Or, you can realloc as you go.
In general, you need a good data structure for checking set membership more quickly than scanning an entire array although for small sizes which fit in various caches, the linear scan will not perform too shabbily either.
For larger sets, however, you'll want to load the larger of the sets into an AVL tree or Scapegoat tree.
For really large data sets, you'll need to look into Bloom filters and related data structures depending on the use case.

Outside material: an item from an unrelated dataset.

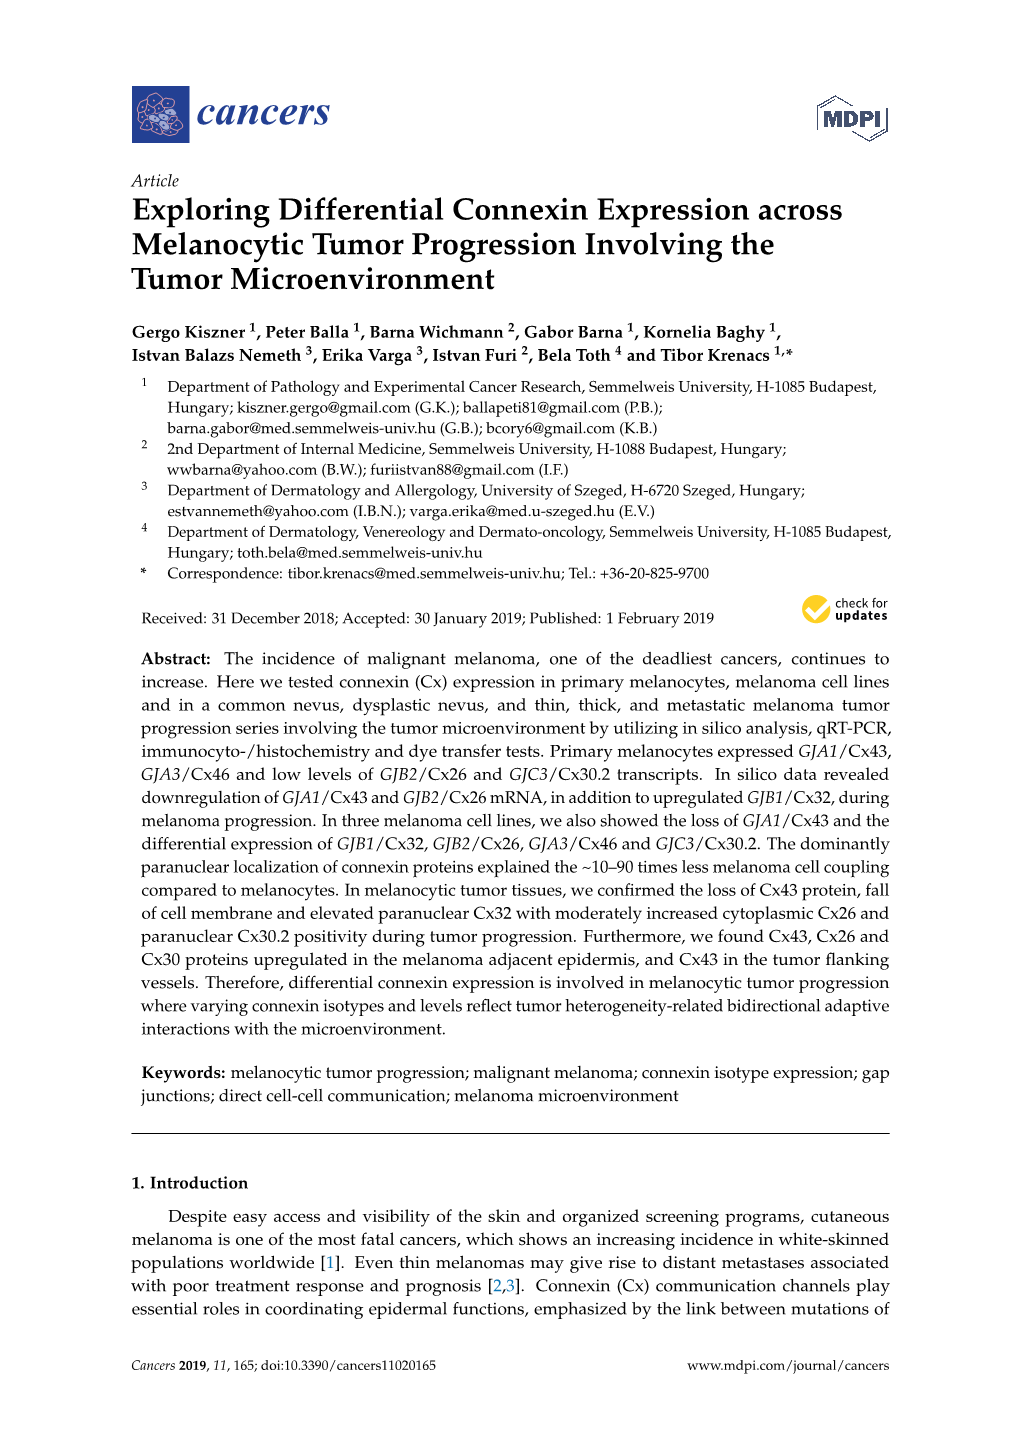 Exploring Differential Connexin Expression Across Melanocytic Tumor Progression Involving the Tumor Microenvironment

I am including below the most naive improvement in your code which still has the nested loop and wastes memory up to the size of the smaller set to avoid counting common elements first.
#include <stdlib.h>
#include <stdint.h>
#include <stdio.h>
// TODO: What about duplicates in smaller set?
int *
int_set_intersection(
const int *first,
const int *second,
const size_t size_first,
const size_t size_second,
size_t *n
)
{
size_t K = 0; // number of common elements
const int is_first_smaller = (size_first < size_second);
// Done this way so I can declare variables as consts
const int *set_smaller = is_first_smaller ? first : second;
const int *set_larger = is_first_smaller ? second : first;
const size_t size_smaller = is_first_smaller ? size_first : size_second;
const size_t size_larger = is_first_smaller ? size_second : size_first;
int *common = malloc(size_smaller * sizeof(*common));
if (!common) {
fprintf(stderr, "Failed to allocate memory for %z ints\n", size_smaller);
perror("Cannot allocate memory for common elements");
exit(EXIT_FAILURE);
}
for (size_t i = 0; i < size_smaller; ++i) {
for (size_t j = 0; j < size_larger; ++j) {
if (set_smaller[i] == set_larger[j]) {
common[K] = set_smaller[i];
++K;
break;
}
}
}
*n = K;
return common;
}
void
int_set_print(const int *set, size_t n, FILE *f)
{
FILE *out = f ? f : stdout;
size_t i = 0;
fputs("{ ", out);
for (i = 0; i < n - 1; ++i) {
fprintf(out, "%d, ", set[i]);
}
fprintf(out, "%d }\n", set[i]);
}
int
main(void) {
int arr1[] = {1, 8, 3, 2, 6};
int arr2[] = {2, 5, 1};
size_t n = 0;
const int *intersection = int_set_intersection(
arr1,
arr2,
sizeof(arr1)/sizeof(arr1[0]),
sizeof(arr2)/sizeof(arr2[0]),
&n
);
int_set_print(intersection, n, NULL);
free(intersection); // not really needed, but good hygiene
return 0;
}
For larger arrays, one option is to sort the contents first to make it easier to check for common elements, as shown in the code below. If the original array contents cannot be changed, first copy them into dynamically allocated memory. Dynamically allocated memory is also needed to hold the list of common elements, but that can use the same storage as one of the copies.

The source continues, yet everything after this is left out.